6 Things MIT’s Media Lab Knows – So You Should, Too

Education Geek Culture Internet People
Photo of Joi Ito
Joi Ito shows how students flatline in class. Copyright Bill Shribman

MIT’s Media Lab in Cambridge is a powerhouse of innovation and is home to the origin stories for LEGO Mindstorms, Guitar Hero, the XO One Laptop, the Kindle’s E Ink and many others. Housing a collection of self-described misfits and drop-outs, this eclectic band of designers, programmers, engineers, scientists, artists, and researchers remain on the forefront of new technology.

I recently got to hear the Lab’s ridiculously accomplished director Joi Ito give a TED-talk recap showing his view of the world. Here are six things I discovered.

1. Don’t Ask. Do.
Between the plummeting cost of processing and the open playing field offered both by the internet and open source software, “permissionless innovation” is the key to new ideas and collaboration. Big companies often remain risk averse but the innovations, like his building of Japan’s first ISP, came from just building it (in his bathroom).

2. Harness the Crowd.
When the earthquake struck his native Japan in 2011, Ito corralled techies from across the planet to build Safecast, a maker device for citizen scientists. This cheap and easily deployed Geiger counter has now secured over 16 million data points of radiation readings across Japan.

3. We’ll Soon Be Hearing More About “Synth Bio.”
Synthetic Biology and genomic sequencing isn’t just for medicine or even t-shirts made from corn and sugar. With recent advances in using genes to store data and low cost devices like Gen 9’s sequencer, the petri dish just got a lot more interesting.

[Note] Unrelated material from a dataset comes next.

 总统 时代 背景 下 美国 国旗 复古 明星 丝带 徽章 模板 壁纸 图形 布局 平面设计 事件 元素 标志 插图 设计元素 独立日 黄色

4. 3D Printing is Just the Start.
Devices that allow rapid prototyping of complex machines, and a movement to “frugal engineering” and open source hardware are allowing developing countries to create such things as a $12 cell phone.

5. No More MOOCs?
Despite MIT being one of the leader’s in MOOCs, there are plenty of advances yet to be made in mapping learning to a growing knowledge of the brain. Tests at MIT show brain activity in students much higher in sleep than in lectures, though perhaps some students combine both to get better grades. Ito describes education as what someone does to you, but learning is something you do for yourself and favors learning through construction over instruction. And so the Media Lab features few lectures but lots of making.

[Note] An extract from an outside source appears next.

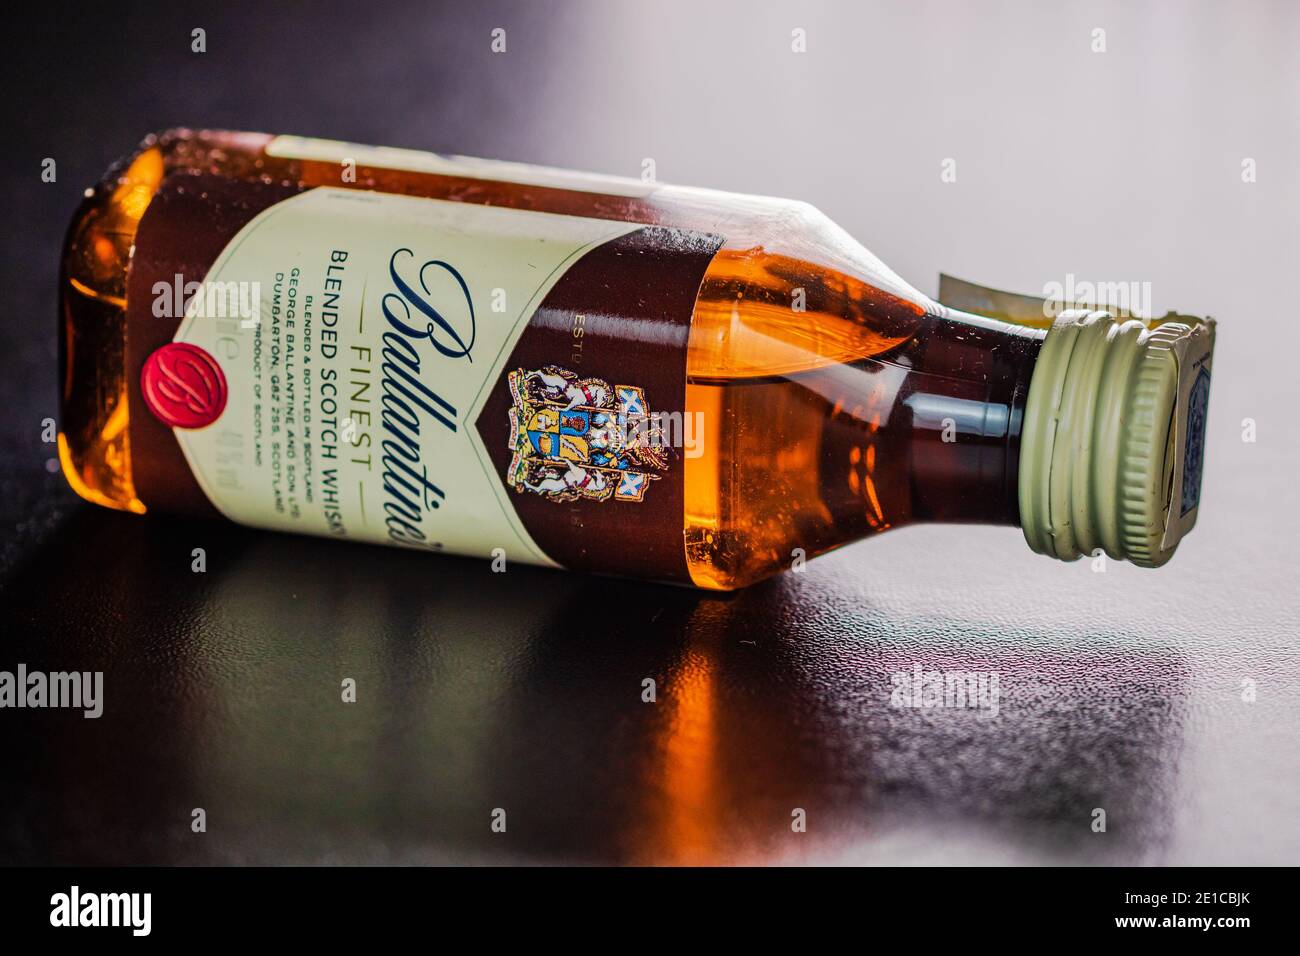 Ballantines whisky isolated on white background Stock Photo - Alamy

6. We Will Survive the Virus
He’s upbeat about the network, as long as it stays net-neutral (or “stupid”), even in the face of the Heartbleed bug. Citing the decline of spam as the network being able to build up its own immunity, he hopes to see a shift whereby the cost of defense becomes as low as the cost of attack. In Japan, he notes the second child is often more healthy having being placed in less of a bubble than the firstborn child. Right now we thinks we just have a bad case of “cybersecurity flu.”